Talk 'N Text and San Miguel embody abundance. Not excess. Abundance, according to the Merriam-Webster Dictionary, is a relative degree of plentifulness. Excess, on the other hand, is ditching abundance and going over the top. I can sense it. Tumataas na mga kilay niyo. The context of this piece doesn't consider the way two super-teams were formed or how their players are paid. The Finals is still a basketball test, not an accounting jigsaw puzzle. Whoever plays better basketball wins. Back to abundance. Plentitude allows Talk 'N Text to win games even when Kelly Williams goes into foul trouble. It also allows San Miguel to win with the league's oldest point-guard, oldest player in fact, occasionally running plays. How else does Talk 'N Text win without a traditional 6'6" to 6'9" center? How else does San Miguel win while keeping Denok Miranda and Joseph Yeo cozy on the bench? It's the opposite of collecting reasons to lose (sorry Barako Bull). It's contrary to winning by sheer luck (sorry Clippers, based on the long, sad history of your franchise, landing Blake Griffin was obviously not by design).

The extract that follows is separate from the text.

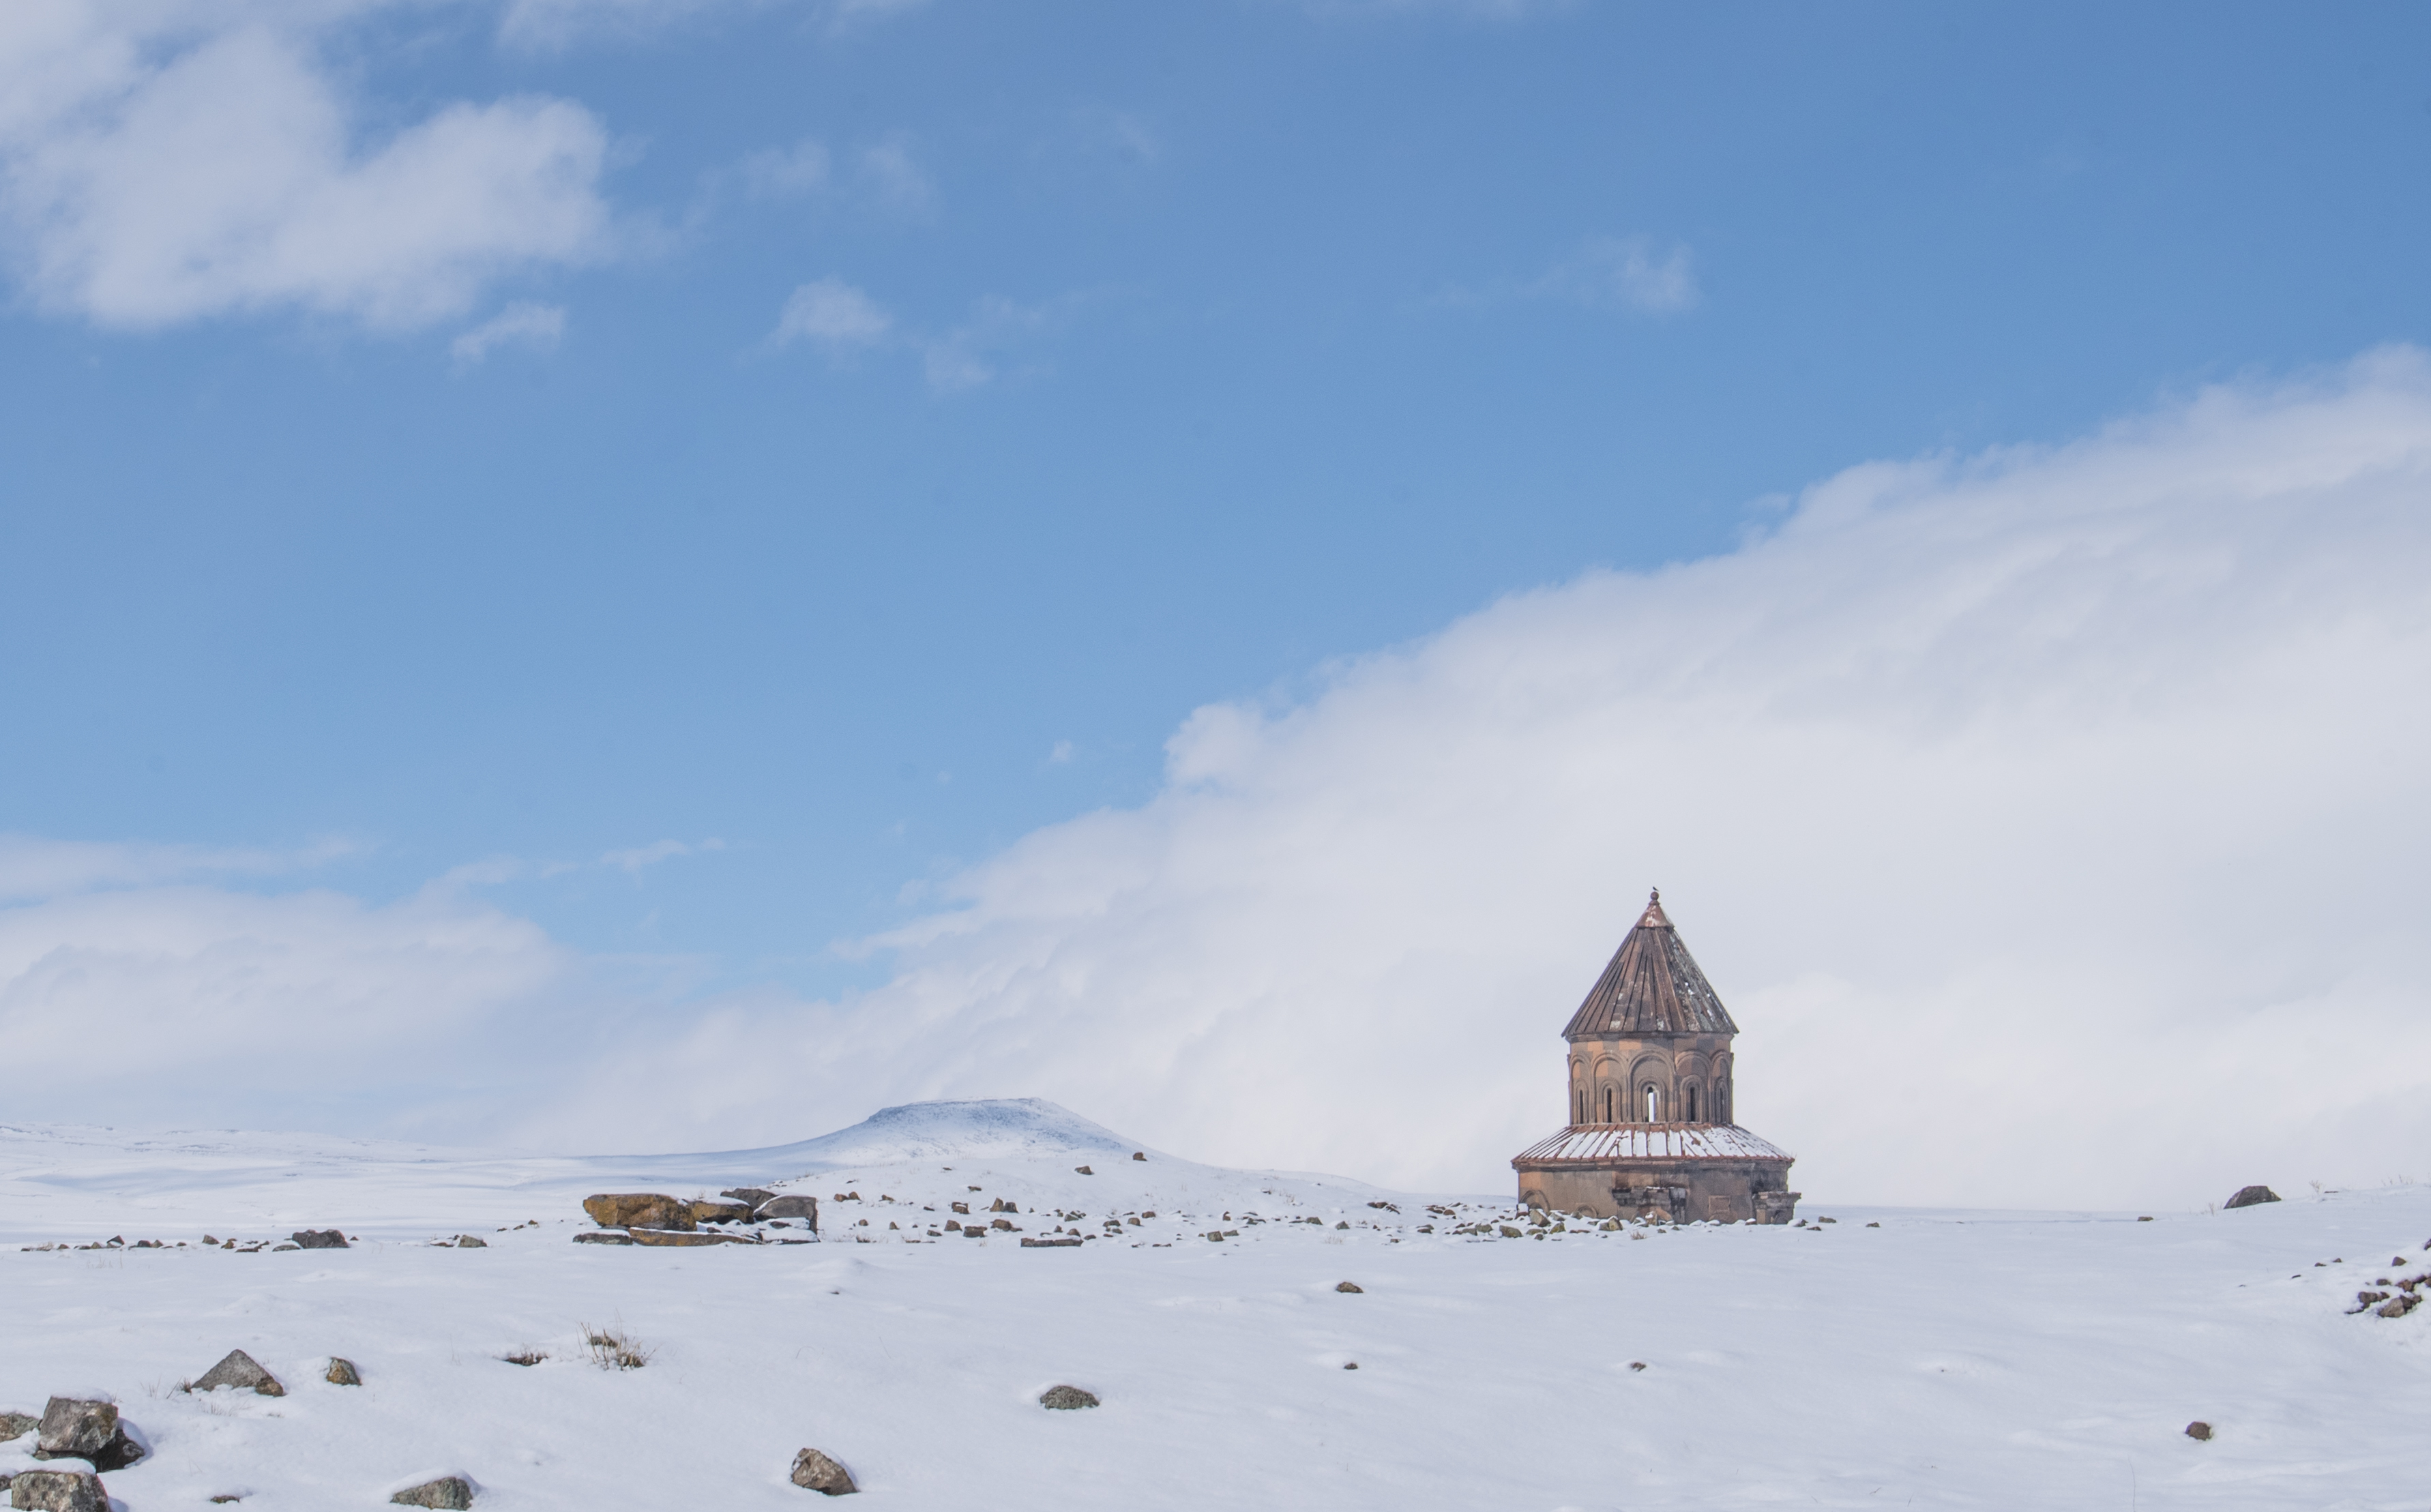 Dünya Mirası Ani Mart'ta Karla Kaplandı

Talk 'N Text lives by the power of more. The Tropang Texters, as B-Meg Derby Ace just experienced, score and defend like a wolf pack. Very intermutual on offense. Very territorial on defense. They need to pass the ball just as swiftly as they need to switch on defensive assignments. If there's one team which can play 1930's ironman-style American football, it's Talk 'N Text. Everything is almost interchangeable. If you're watching them from an Upper Box B seat and have the eyesight of (using the barometer of College of St. Benilde Coach Richard Del Rosario) most NCAA referees, key TNT players will all look and move the same way.
San Miguel, on the other hand, win games with the combined guile of emergent stars (Jay Washington and Alex Cabagnot) and franchise legends (Danny Ildefonso, Danny Seigle and Olsen Racela). What a luxury to have the best of the old and the new. What an advantage to be able to drive stick or automatic. Because the flow of San Miguel's game adjusts to whoever is on the floor. It's like customized winning: there's veteran-style, there's the fast-yet-controlled pace, there's isolation with seconds to go and there's bahala-na-si-Paul-Artadi-sign-of-the-cross-and-see-where-this-leads-us. The result: more options, more victories.
I give bench-depth advantage to San Miguel. I give horsepower advantage to Talk 'N Text. We've seen San Miguel win close games in the playoffs. Talk 'N Text will have a chance to do the same. Because the Finals is not a contest to see which team is better at making the PBA salary cap look as fearsome as the anti-jaywalking law. The Finals is a battle of a different form of abundance. So many ways to win. So little leeway to not succeed.